Preventing ad fraud by reducing bot traffic using AWS WAF with AppsFlyer

AppsFlyer helps brands make smarter decisions for their businesses and customers with its advanced marketing measurement, analytics, and engagement technologies. The company serves 80,000 brands around the world, measuring over 12 trillion mobile actions annually.

Founded in 2011, AppsFlyer relied on a traditional CDN with static rule configurations for routing its web traffic. Over time, the company began to near its service limits. “We wanted to act in advance to continue serving our customers,” says Danny Tourgeman, vice president of research and development at AppsFlyer. “We could find workarounds, but it would create a developer experience with a lot overhead.”

The company also needed to limit the amount of fraudulent traffic on its networks without denying service to customers. To filter its web traffic, AppsFlyer wanted a robust, dynamic solution that would require little engineering overhead to maintain. This led the AppsFlyer team to migrate to Amazon CloudFront.

“We learned that Amazon CloudFront could support our current traffic and the volume of traffic that we expect to see in the next couple of years,” says Michael Reznik, engineering group manager at AppsFlyer. “Working alongside the AWS team gave us a lot of the confidence we needed to migrate and enhance our cloud-based capabilities.”

The migration to Amazon CloudFront required aligning 10 independent engineering teams that are responsible for managing more than 20 domains. To accelerate the project, AppsFlyer’s leadership designated individual team leads for each engineering group. These leads provided weekly progress updates and looped in the AWS team for technical support as needed.

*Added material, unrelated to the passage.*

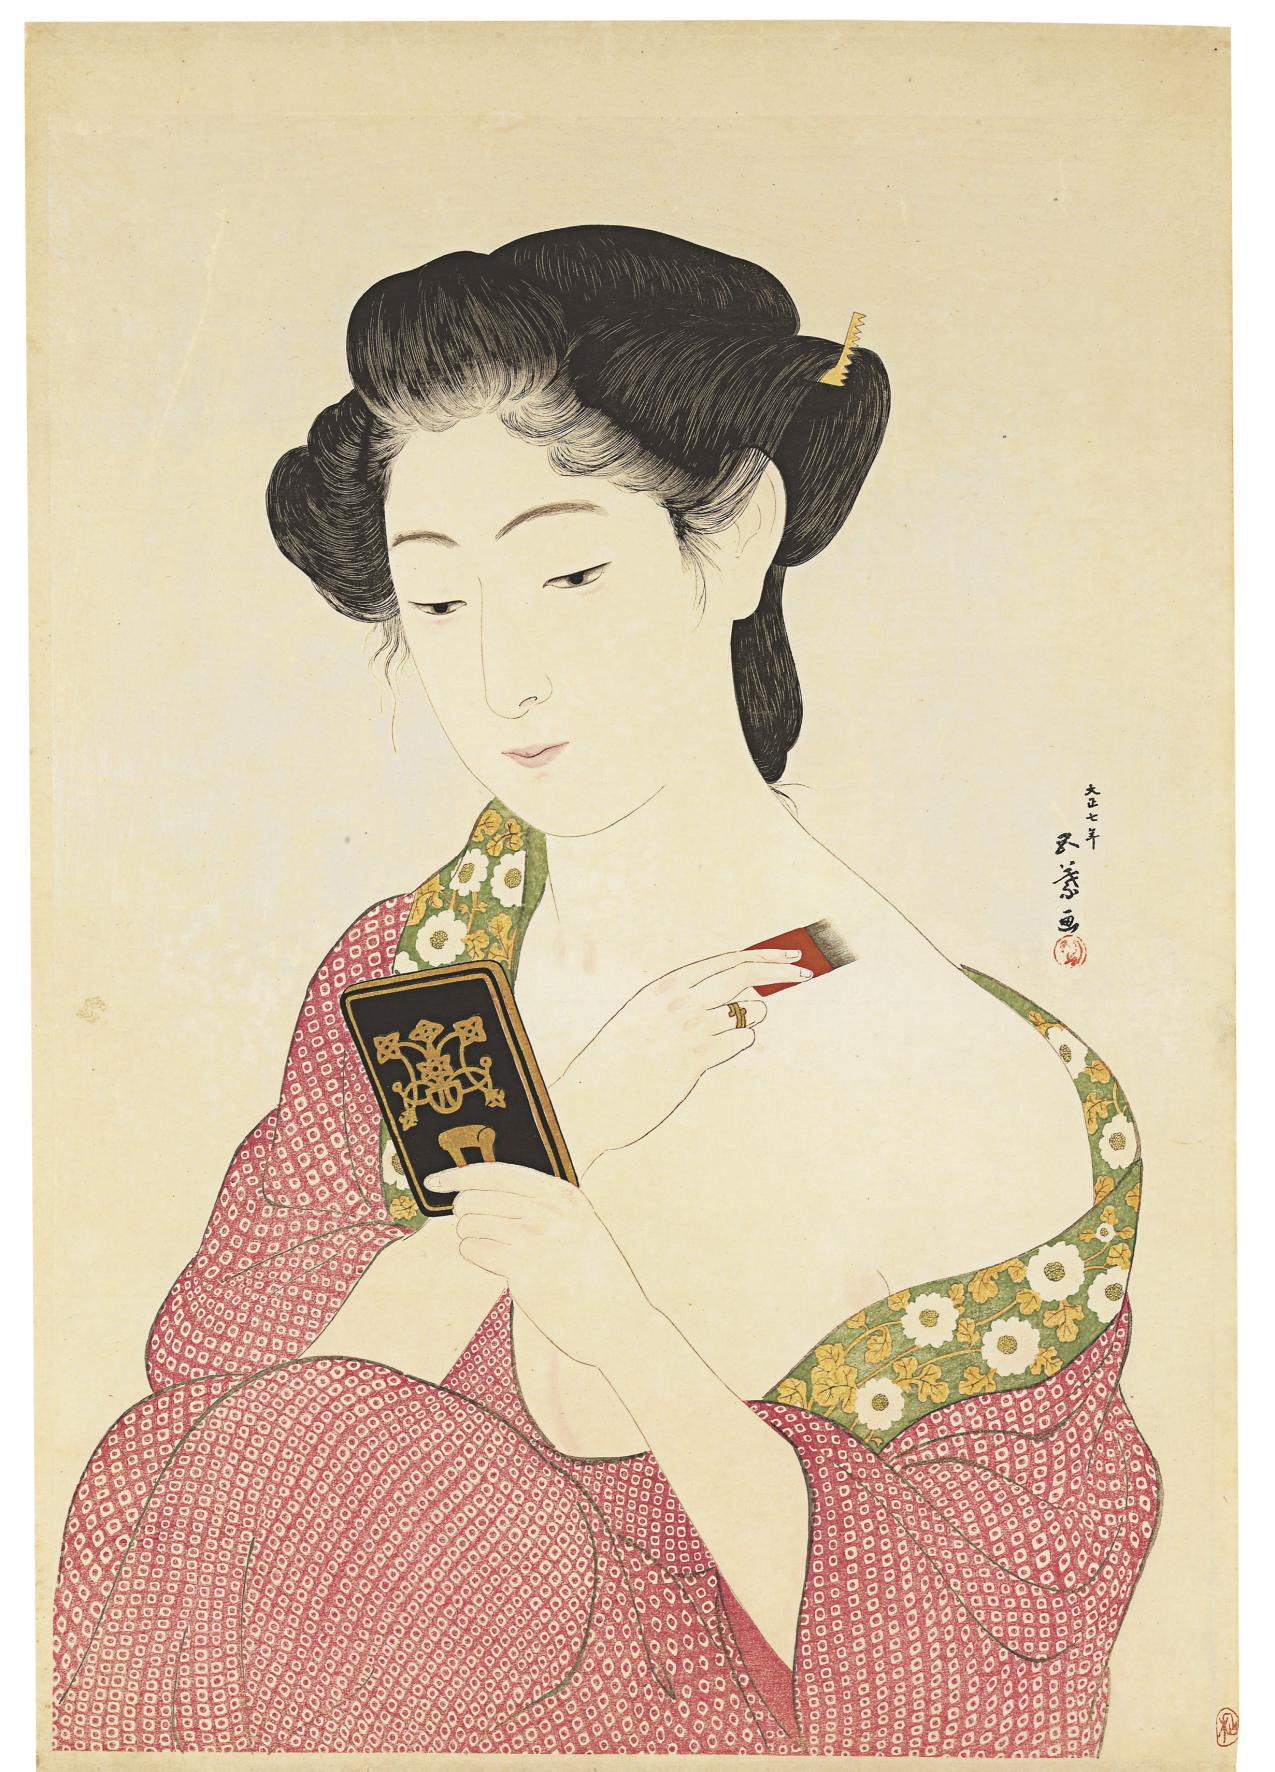 Kesho no onna (Woman applying make-up), 1918

AppsFlyer also worked closely alongside the AWS team to control its CDN costs, which meant completing the migration to Amazon CloudFront in under 1 month. “It was mission critical,” says Reznik. “By having very open discussions with the AWS team, we could build a realistic plan for our company.”

While planning its migration, AppsFlyer needed to secure its cloud-based networking infrastructure. Previously, the company relied on granting access to web traffic using allow lists. To replicate these measures, AppsFlyer deployed preconfigured rule sets in AWS WAF to protect its web applications from common exploits.

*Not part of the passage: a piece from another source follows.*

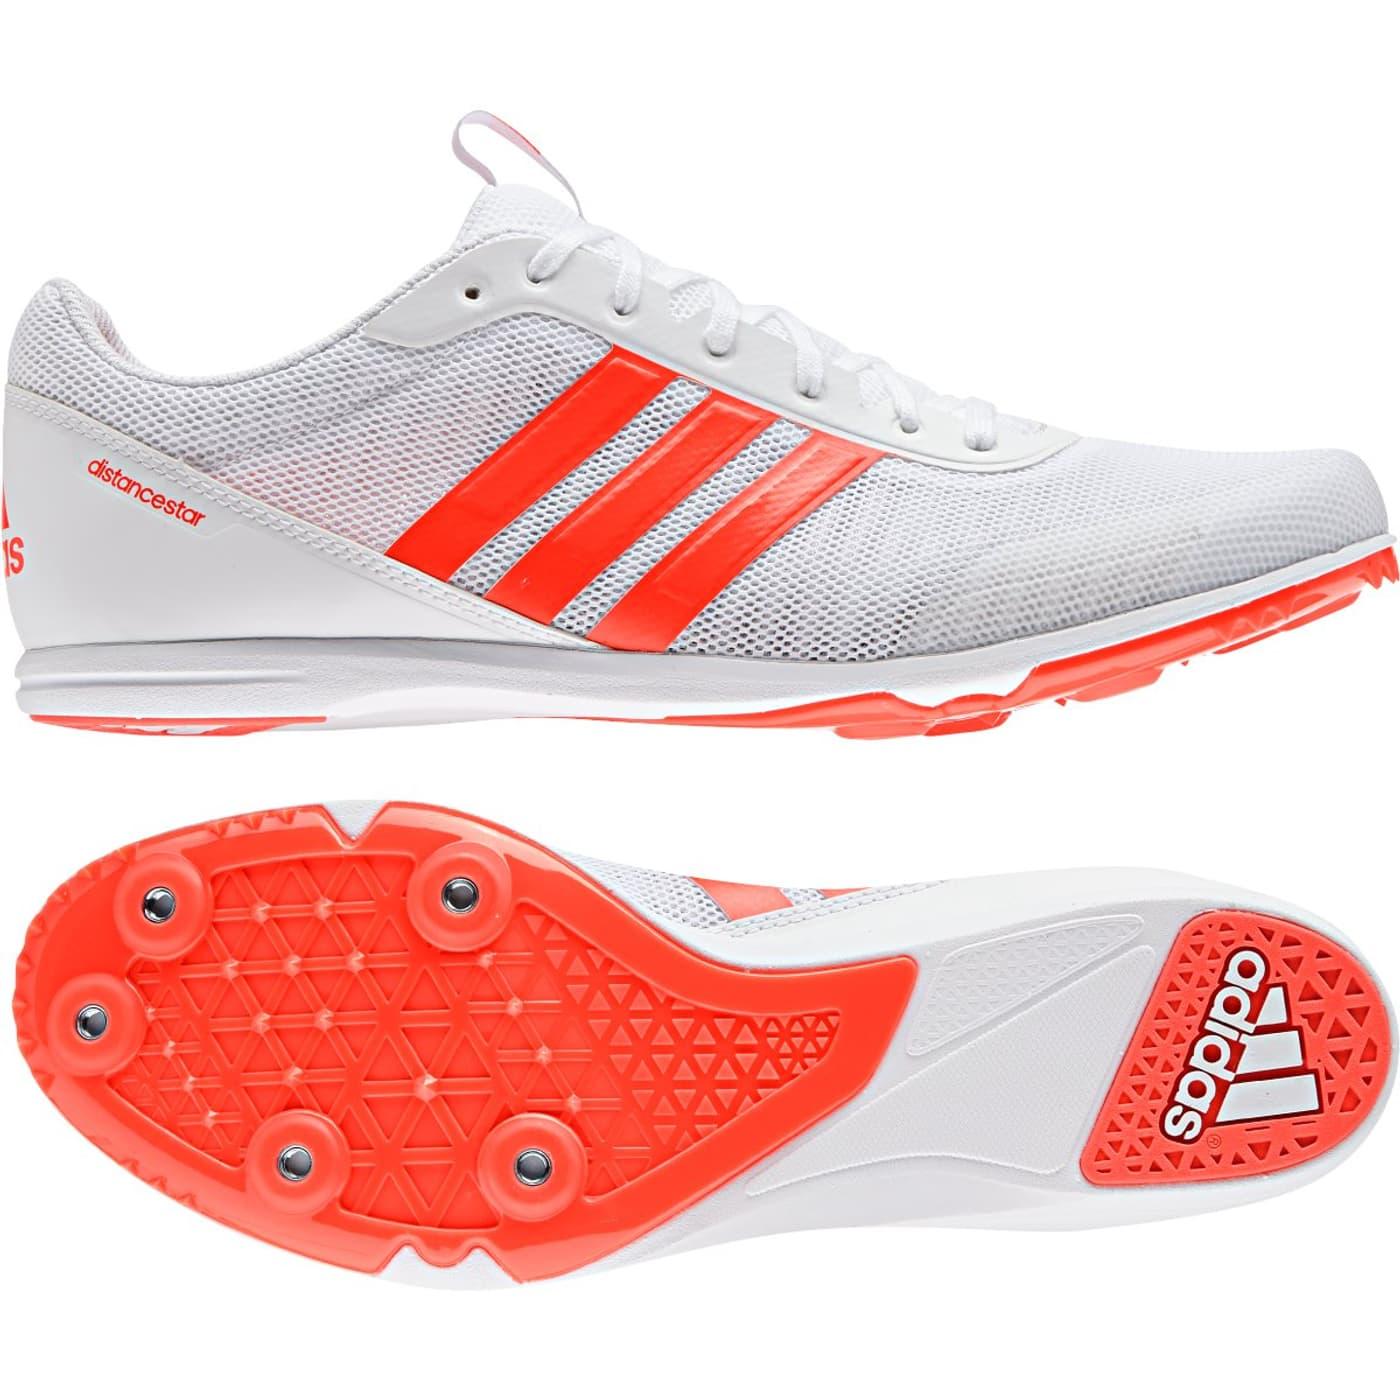 ... Adidas Distancestar Scarpa da uomo running ... 82b864ac27d

Because AppsFlyer was already reaching its limits on its CDN, the company opted to migrate its largest and most complex domain to Amazon CloudFront first. While migrating its domains in waves, the company validated that it could maintain the same or better performance as before. “We wanted to do all the difficult work up front to make it simpler for our individual engineering teams to follow in our footsteps and learn best practices,” says Tourgeman.

Since then, the company has focused on developing customized AWS WAF rules to route its traffic more effectively. “Managing static rules used to be a daily stressor for our team,” says Reznik. “Now, we’ve transitioned our engineers to focus on product development and building out our strategic road map instead.”

AppsFlyer completed its migration to Amazon CloudFront on time, marking a major improvement in the company’s developer velocity. “Even today, we get requests to build something within a tight deadline. Our CDN command teams proved that it was possible for us innovate quickly,” says Tourgeman.

Further, by building a highly resilient, secure architecture on AWS, AppsFlyer can maintain 99.9 percent availability while processing 550 billion requests daily. The company has also reduced the amount of web traffic generated from bots by 50 percent. By intercepting this traffic, the company has saved 30 percent on infrastructure costs.

Additionally, AppsFlyer can protect its datasets from marketing ad fraud, helping it deliver relevant, actionable insights to customers. “We improved our data integrity, which is very important to us,” says Reznik. “Using AWS WAF has helped us support our product goals. We can validate the data that is going into our attribution engine.” The company’s goal was not just to protect its systems but to deliver more accurate, trustworthy measurement to its customers. Using the robust, near real-time capabilities of AWS WAF helped AppsFlyer to achieve this at massive scale, facilitating data accuracy and reliability across billions of daily interactions while decreasing alerts and pager duties by 15 percent.

AppsFlyer will continue to improve its custom rule sets in AWS WAF by using generative AI to identify traffic patterns and generate new rule sets. “We’re learning how to build better rules from our data,” says Reznik. “Each new feature that we develop using AWS will help us reduce our development work and take our automations to the next level.”